Architecture for research

Abstract

Buildings should serve the people who live and work there. Buildings for research should encourage and symbolize communication, transparency and interactions among scientists.

As an architect, I am not specialized in any particular planning field. Together with my colleagues, we have designed schools, residential buildings, sports facilities, university buildings, and buildings for research in Europe and in North America. What these buildings have in common is that they serve the people who work or live there, and that they are integral elements of their built environment, entwined with daily lives of the people who live and work there, for better or for worse. Architecture is a prominent human artifact with which we can demonstrate the cultural and technical capabilities of our society. Buildings are therefore an obligation, a responsibility for us, for our clients and for society.
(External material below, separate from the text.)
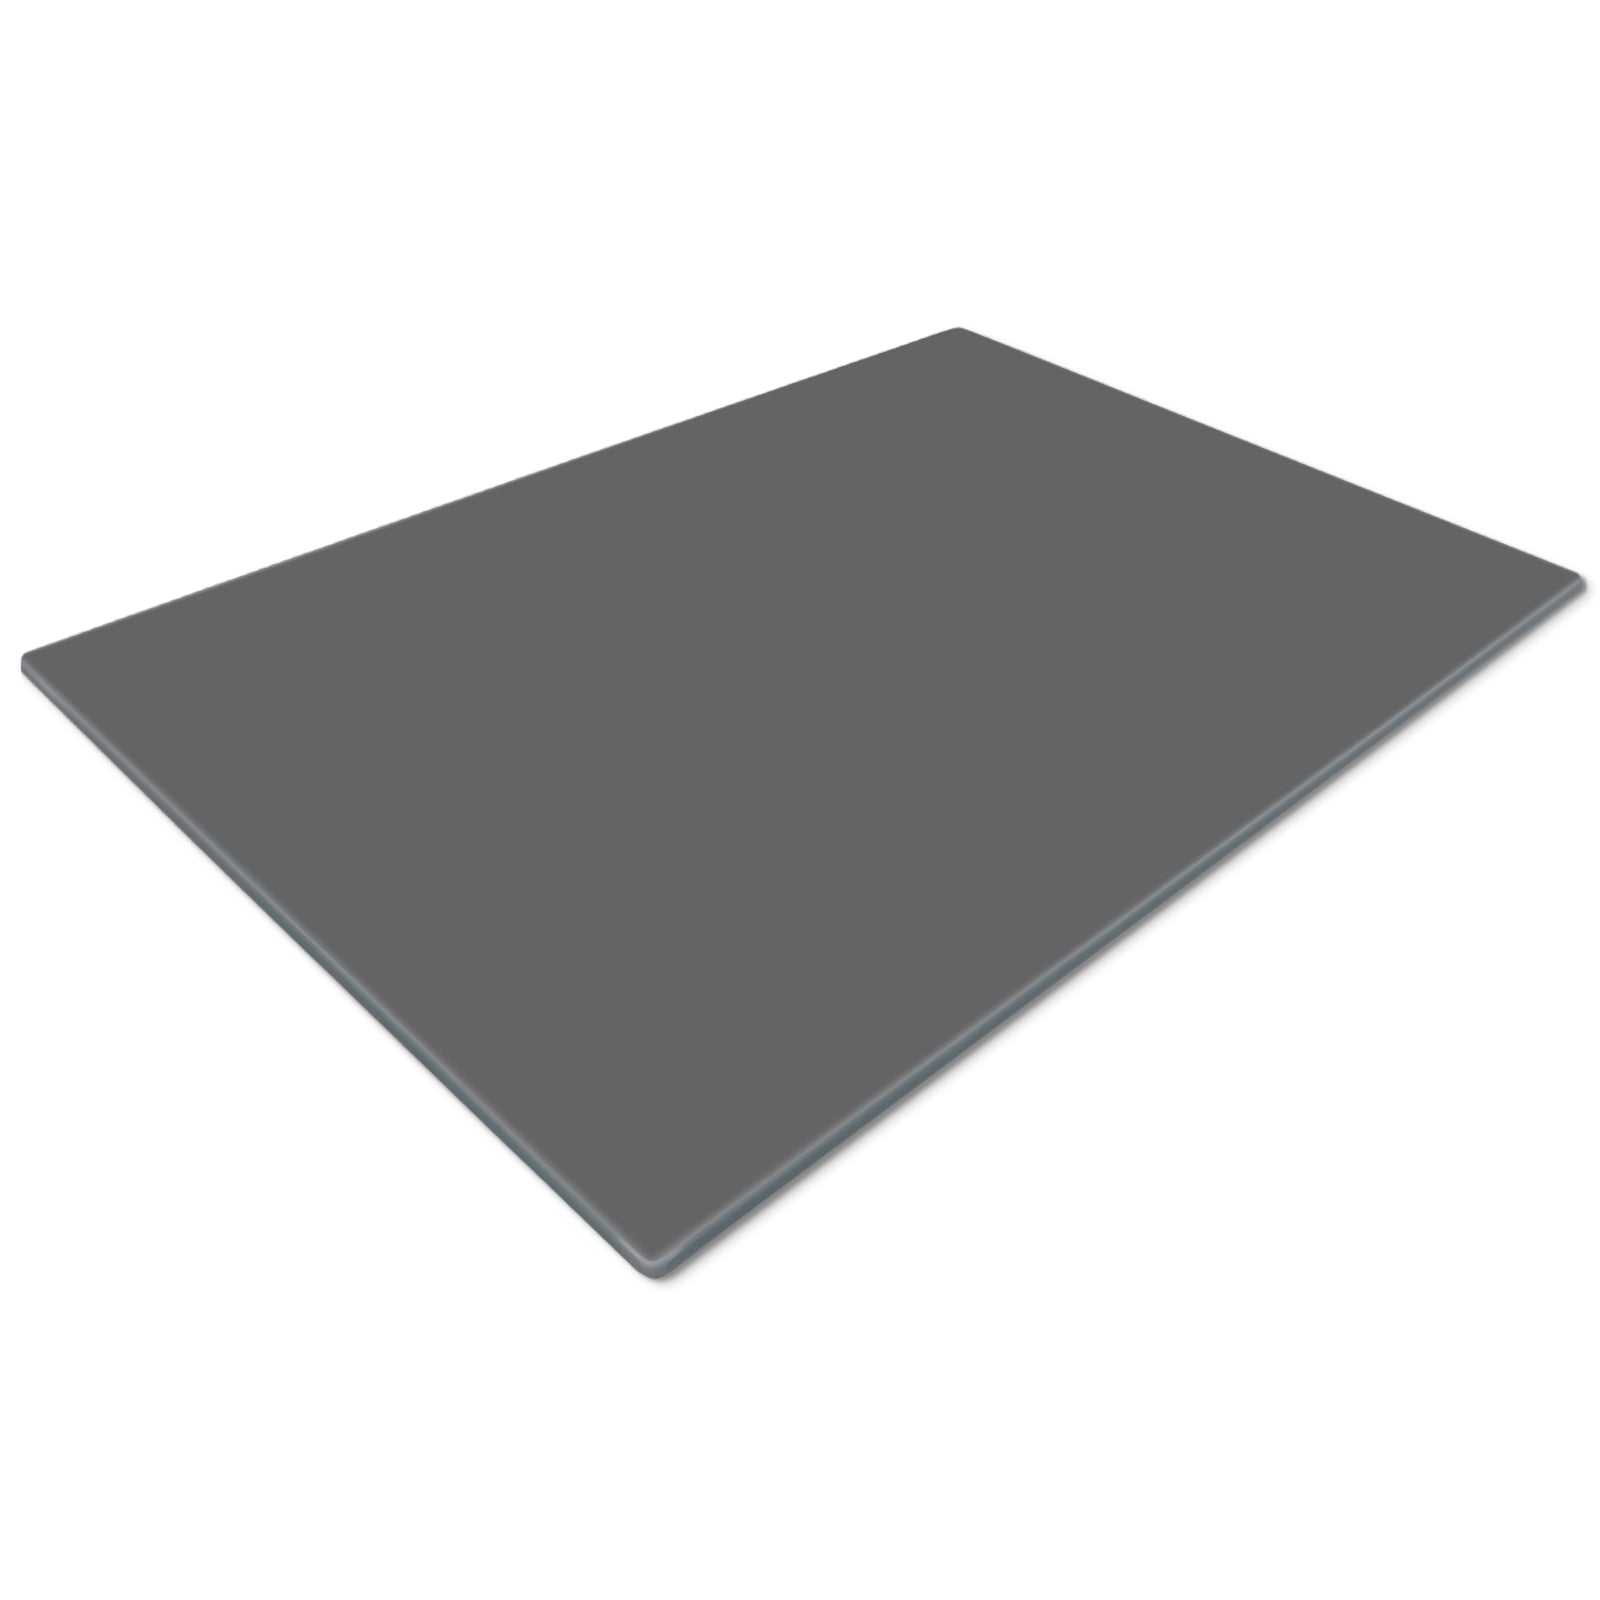 Glass Chopping Board For Kitchen in Grey Surface Protector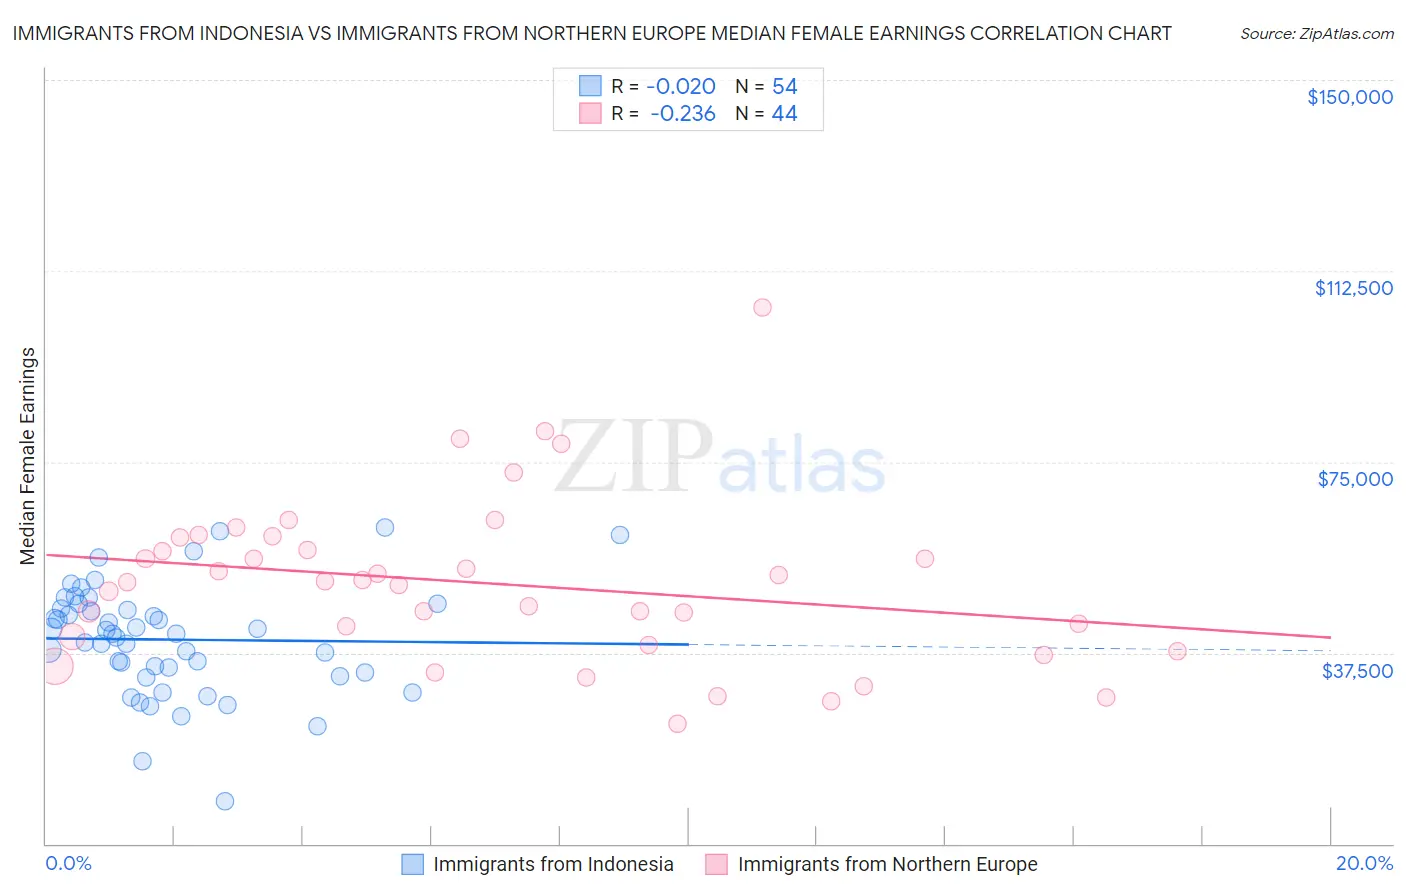 Immigrants from Indonesia vs Immigrants from Northern Europe Median Female Earnings

Architecture is a prominent human artifact with which we can demonstrate the cultural and technical capabilities of our society.

Buildings for research

When speaking of buildings for research, designers have quite different uses and users in mind: physics, biology, chemistry or computer labs, machine halls, clean‐room laboratories, imaging facilities, simulation rooms, and many more with different technical requirements. However, they all have one thing in common: people from different disciplines with similar expectations, wishes, and needs work there. Addressing their needs and wishes is one of the great challenges of design for many buildings that are still planned from a purely technical perspective. The focus is on work processes, climatic conditions, technical requirements, air exchange rates, and so on, which all can be calculated on expansive spreadsheets. Other qualities are often regarded merely as a “nice to have”. As a result, many research buildings look like a functional diagram.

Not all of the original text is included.